What is needed:
Starting at the line with "HCalory الهواء مدفأة" and going on through the line with "Baby Girls Non", reproduce each line in the records below exactly and nothing more.

Supplied material:
++++

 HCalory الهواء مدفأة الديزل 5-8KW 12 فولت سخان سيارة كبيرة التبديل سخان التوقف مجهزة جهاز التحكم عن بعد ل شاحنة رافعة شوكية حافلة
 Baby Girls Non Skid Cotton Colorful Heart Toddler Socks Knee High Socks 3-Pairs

++++

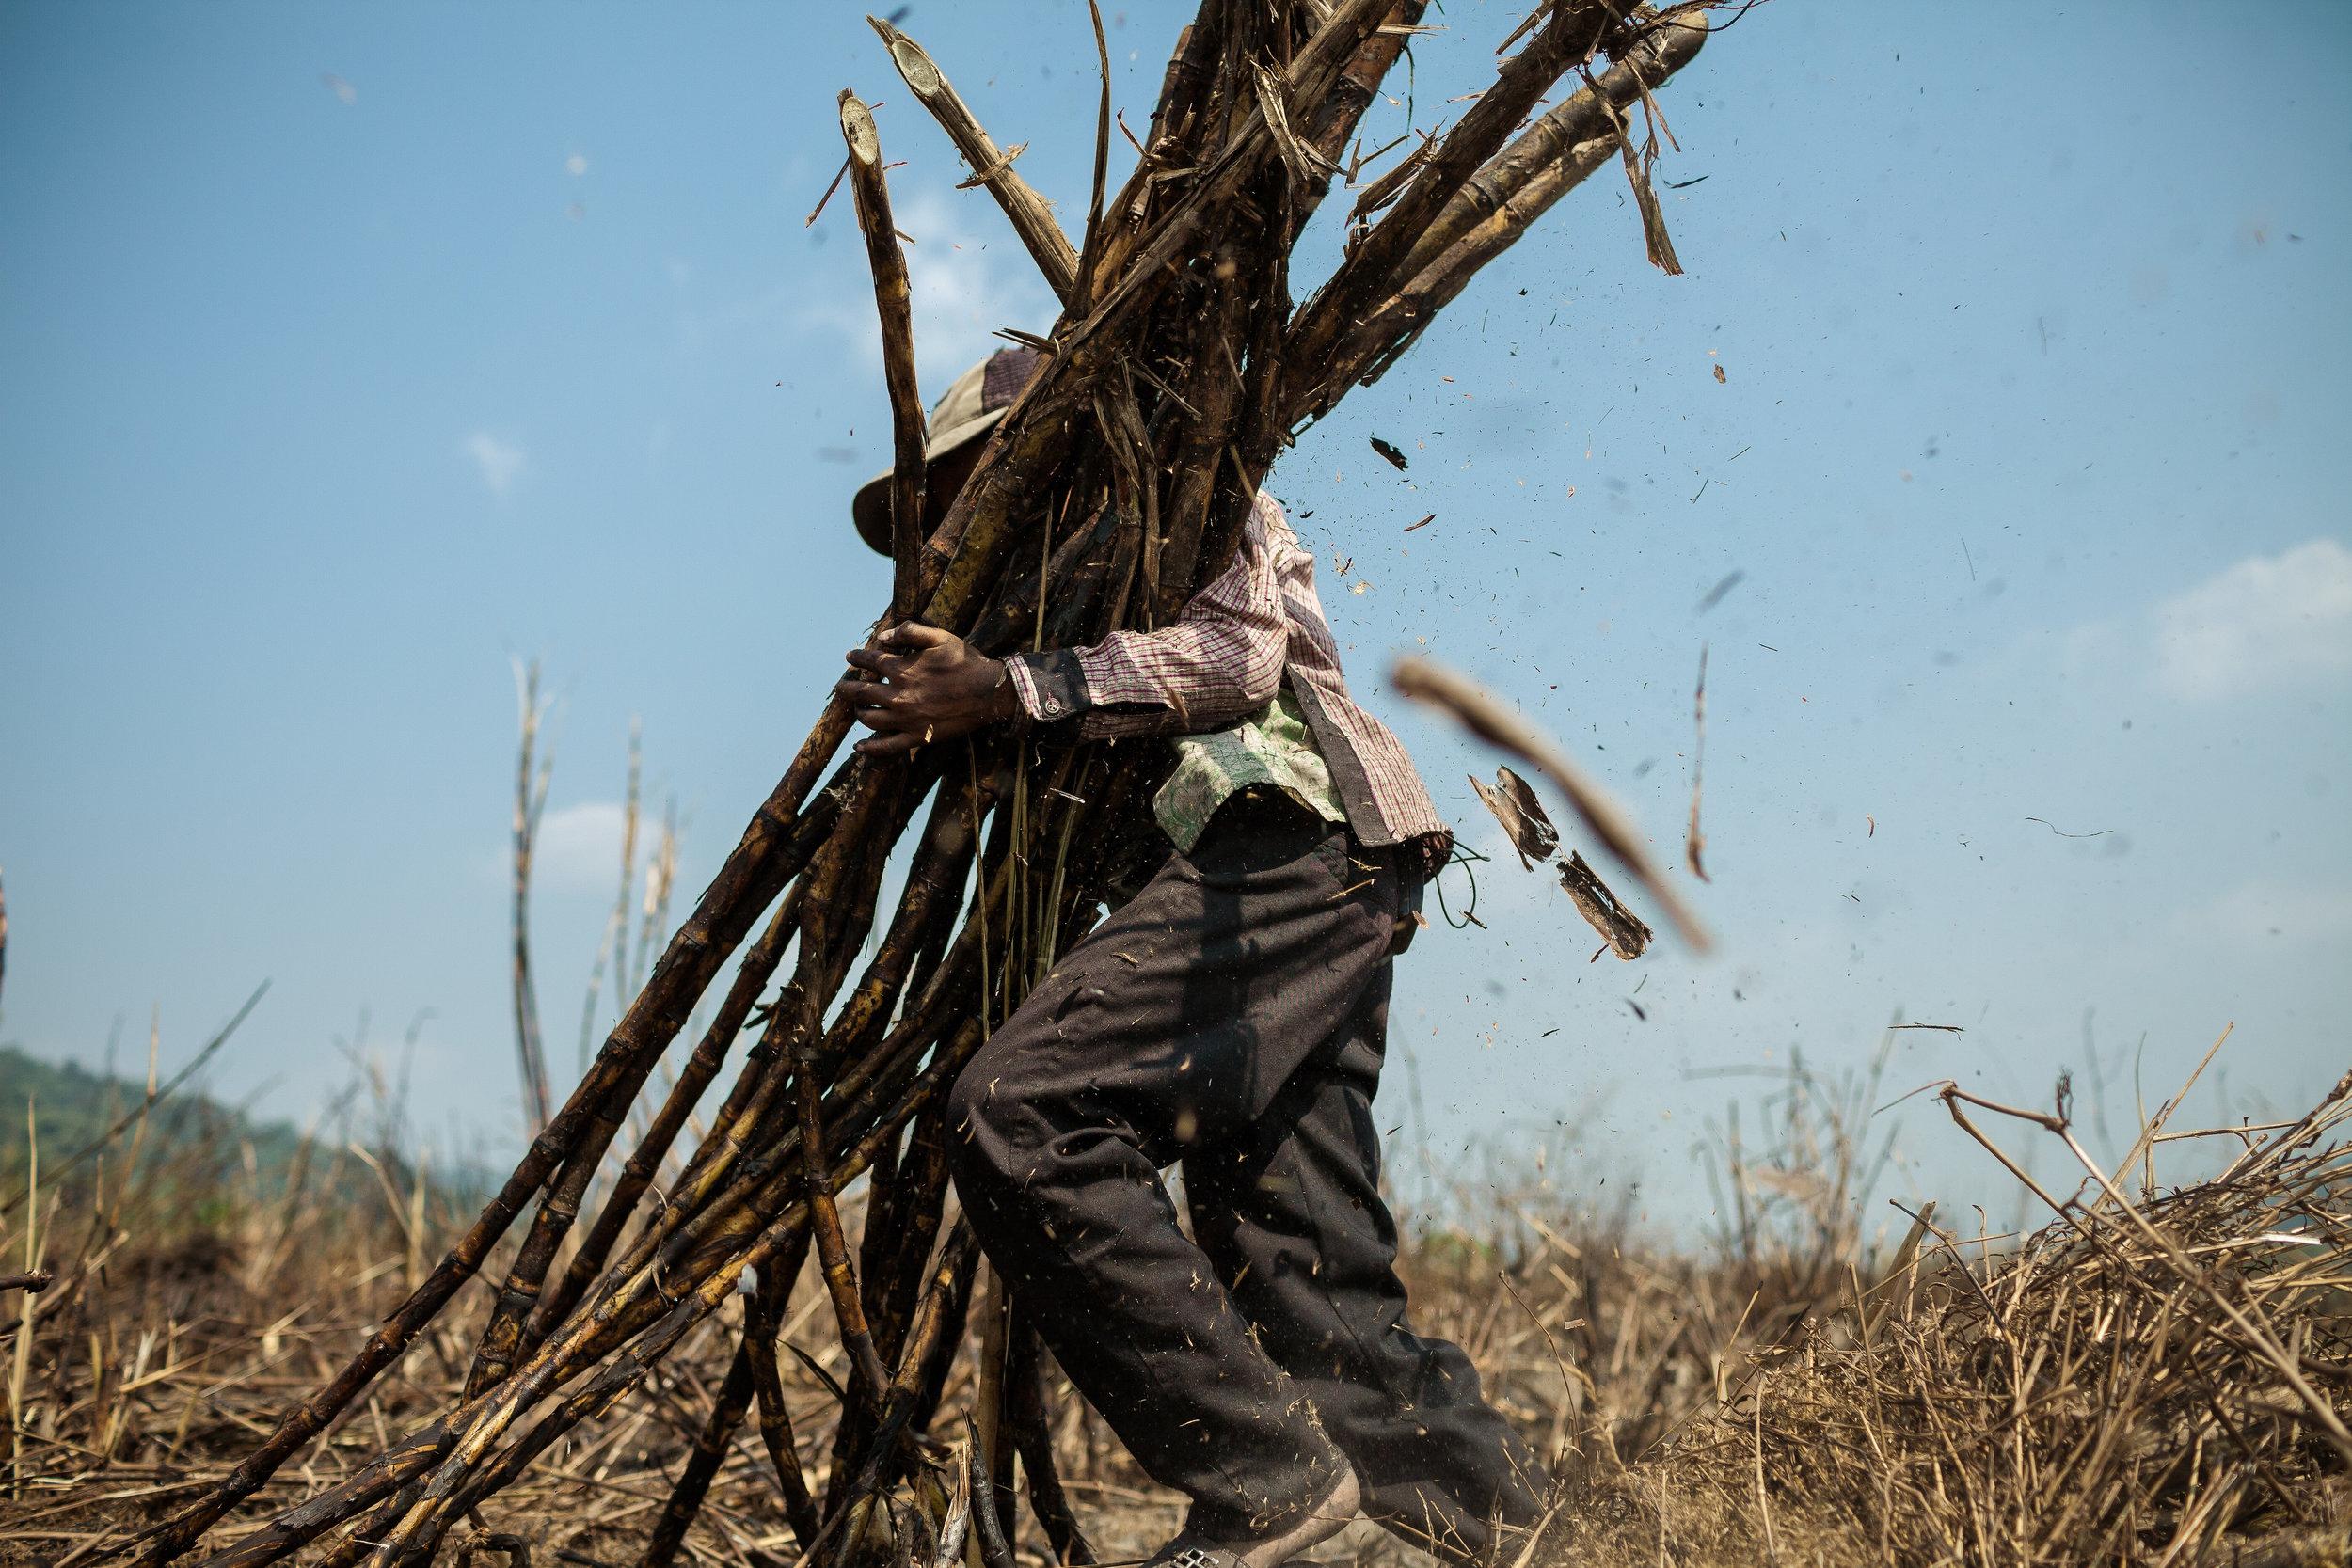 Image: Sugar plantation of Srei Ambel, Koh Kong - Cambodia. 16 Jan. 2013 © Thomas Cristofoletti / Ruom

++++

Answer box:
 HCalory الهواء مدفأة الديزل 5-8KW 12 فولت سخان سيارة كبيرة التبديل سخان التوقف مجهزة جهاز التحكم عن بعد ل شاحنة رافعة شوكية حافلة
 Baby Girls Non Skid Cotton Colorful Heart Toddler Socks Knee High Socks 3-Pairs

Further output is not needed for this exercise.